SWOSU engineering students to tackle Mars sand in NASA challenge
A team of Southwestern Oklahoma State University students will attempt to navigate a rover through dust-like Mars sand this weekend. Fortunately, the venture won’t take them to Mars, but to the Marshall Space Flight Center in Huntsville, Ala., to demonstrate their technology.
For the fourth consecutive year, the SWOSU Department of Engineering Technology is participating in the NASA Human Exploration Rover Challenge: Technology Challenge Award.
“Each year NASA has certain rules and restrictions that the students must follow,” said Cindi Albrightson, instructor in the SWOSU Department of Engineering Technology and team sponsor. “This year, the students must make a rover for the surface of Mars, which has sand like flour.”
To solve this problem, the SWOSU team is using a new approach, said Tiler Rose, one of the student engineers.
“For the past three years, we have constructed our vehicle to look pretty similar to the lunar rover you may have seen pictures of from the ’60s. That has served us extremely well, but we decided to try something new this year,” Rose said. “Since we are timed going over the obstacles on the course, we decided to experiment this year with a vehicle that is constructed more like a tandem bicycle, where the riders sit one in front of the other, rather than side-by-side, like the actual lunar rover.”
The machine
was entirely designed and engineered by students.
“Something I think is pretty cool about our rover is that, at least 90 percent has been made by our team in the lab. Also we have one of our wheels autographed by Thomas P. Stafford,” team member Hugo Chaparro said.
The team consists of 12 students from various parts of Oklahoma including Chandler Roof, Tiler Rose, Nick Rymer, Joseph Rymer, Jay Penner, Caleb Wichert, Alex Scarborough, Jacob Wall, Hugo Chaparro, Bryson Ridley, Tucker Sawatzky and Andrew Harrison.
In addition to the engineering and construction of the rover, the team also has to solve other issues such as how to deal with extraterrestrial surfaces — for future engineers more a challenge than a problem.
“Part of the difficulty of the competition has been the introduction of new types of obstacles on the course,” Rose said. “In recent years, simulated Martian surfaces have been added as well.”
The change was made with the future in mind.
“NASA is preparing for the Space Launch System missions that will hopefully be taking us to Mars in the 2030s,” Rose said. “If you look at pictures of Mars, you’ll see terrain almost as varied as what you’d find on Earth.

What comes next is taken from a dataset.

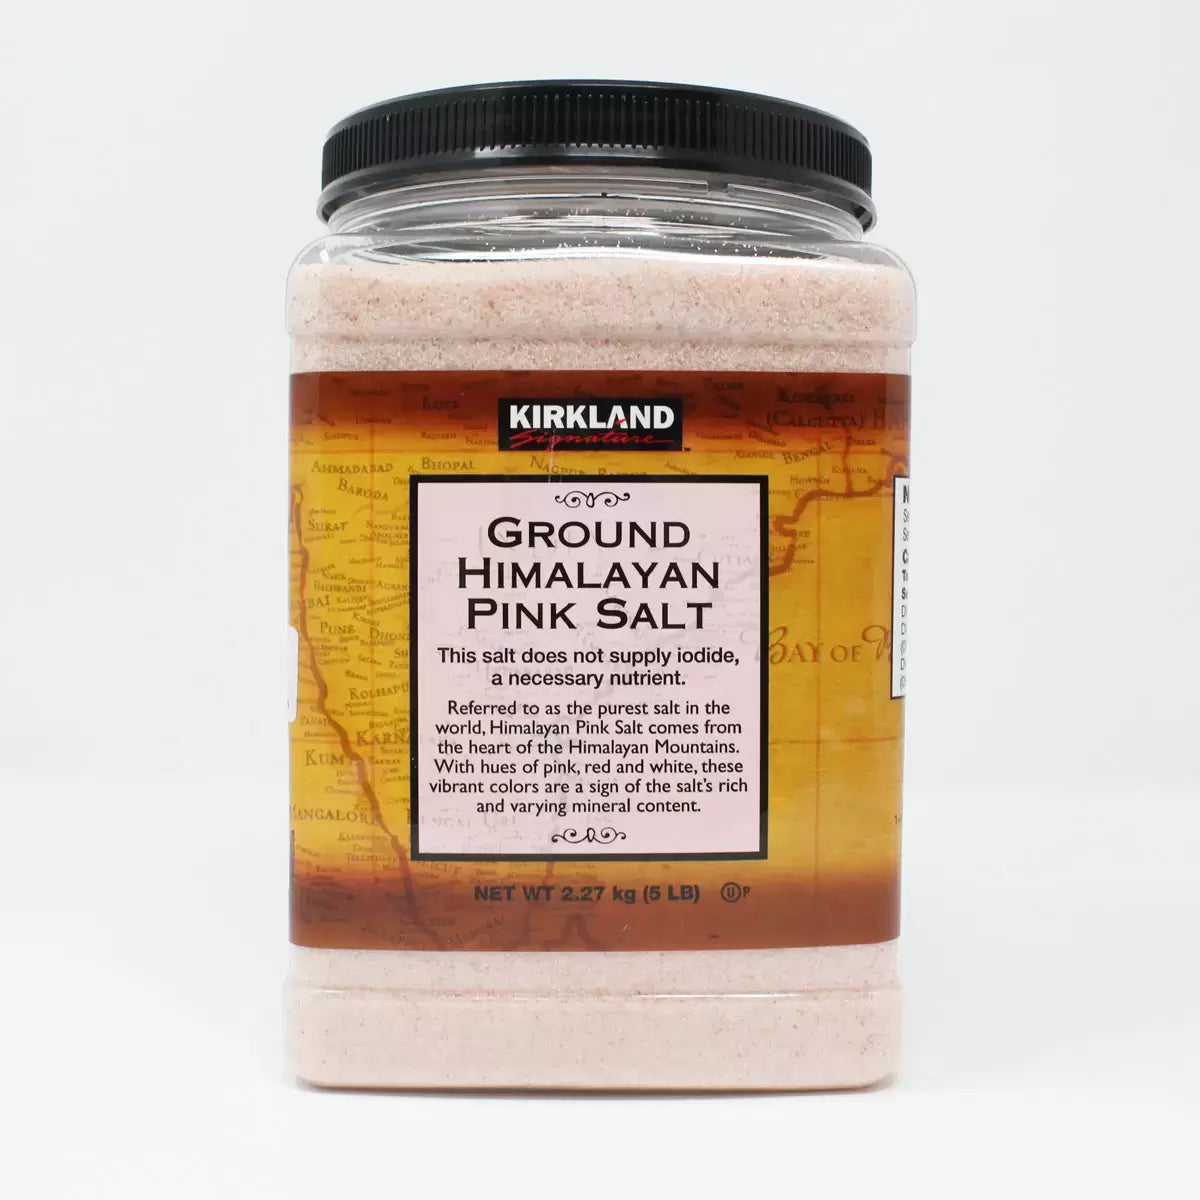 Kirkland Signature Ground Himalayan Pink Salt, 2.27kg GoDiscount

This has made the design of the wheels especially difficult.”
While the students have a clear task at hand, the rover program fulfills a much broader function. It builds confidence in skills learned in the classroom and builds teams.
“During the course of the year I have learned how to put everything that I have learned throughout my three years in SWOSU into play. I have become very efficient at using the CNC machines. This is just like having a real fun job,” Chaparro said.
“In fact most of my spare time when I’m not in class I am trying to solve the technical we experienced from the night before,” he added. “This experience has also taught me that anything can be done, one way or another, with a group of people that is just as enthusiastic as I am about this project.”
The students hope that one day they will contribute a breakthrough technology for space exploration. After all, it wouldn’t be the first time SWOSU would produce a future NASA standout.
NASA engineer John Aaron, who developed the electrical recovery sequence for the Apollo 13 mission, is a SWOSU grad. And late last year, NASA astronaut and Weatherford native General Thomas P. Stafford received SWOSU’s first ever honorary doctorate.
SWOSU is also included in the Oklahoma Space Grant Consortium, which consists of a statewide partnership of eight universities, a cooperative extension service, state government, city government, industry and Stafford Air & Space Museum supporting programs in science, mathematics, engineering, technology, education, geography, and other space related disciplines.
For now, the students are focused on the competition.
“Our main goal is to have a perfectly functional rover that will make it through the course without having the rides get off the vehicle. Also to finish in the top 10,” Chaparro said.